Skip to main content

Sebuah konspirasi tentang pecahnya etalase dan pekerjaan meracik kopi

Tidak seperti coffee snob lainnya, saya tidak suka menggonta-ganti tempat mengopi, salah satu tujuan utama saya ya Kedai Kopi Kinanthi. Ini bukan promosi, atau juga puisi hanya karena akhirannya selalu ‘i’.
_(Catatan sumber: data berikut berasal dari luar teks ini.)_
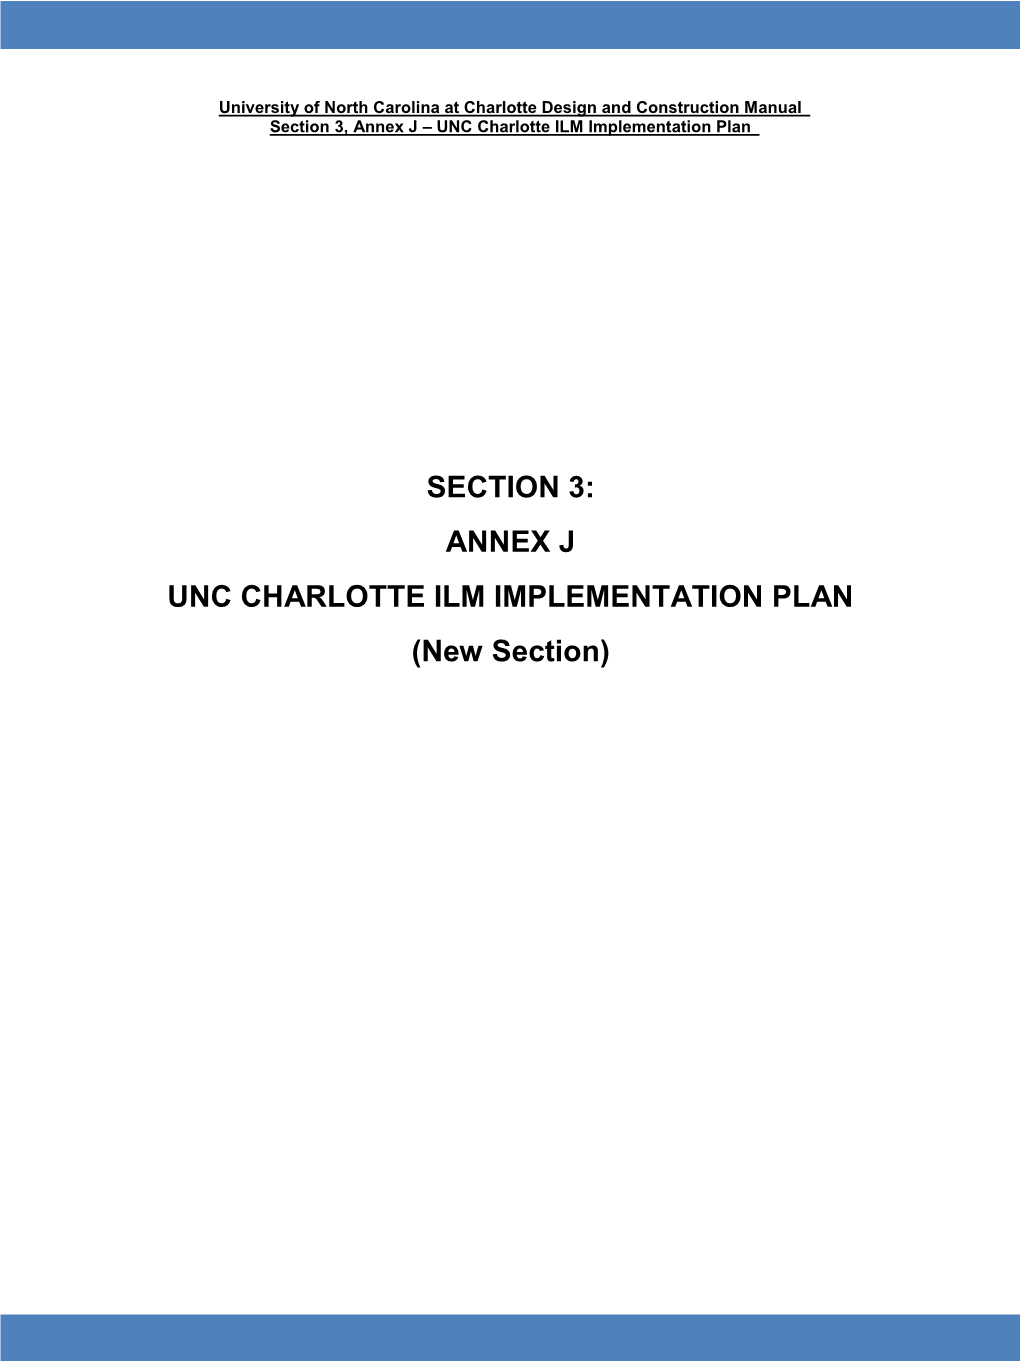 ANNEX J UNC CHARLOTTE ILM IMPLEMENTATION PLAN (New Section)

Sejujurnya saya tidak tahu soal perkembangan coffee shop di Jogja, atawa tentang merebaknya barista perempuan. Pengalaman saya satu-satunya tentang barista perempuan hanya berlangsung ketika melewati kedai kopi di Pandega Marta (fak saya lupa namanya). Ketika itu kami (saya dan teman saya sebut saja Aco) yang sedang menuju kampus menggunakan motor selalu riuh ketika melihat perempuan tersebut sedang meracik kopi. Pengalaman kami hanya sebatas itu, tidak sampai masuk kedalam cafe dan memesan minuman.

Kalo dipikir-pikir, yang seharusnya dipertanyakan adalah mengapa barista identik dengan lalaki. Hubungan industri jasa kan hampir pasti selalu terkait dengan perempuan, apalagi sebagai ujung tombak. Di dunia patriarki macam Indonesia misalkan, news anchor atawa pembawa acara kebanyakan adalah perempuan, PR officer, sampai yang paling keseharian berupa kasir Indomarket utamanya dipenuhi oleh perempuan.

Lantas mengapa pekerjaan barista demikian berbeda? Budaya ngopi-mengopi kan juga ngga bisa lepas dari patriarki, logika perandaiannya yang beli kopi kebanyakan laki-laki, masa baristanya juga lelaki? Ye gak.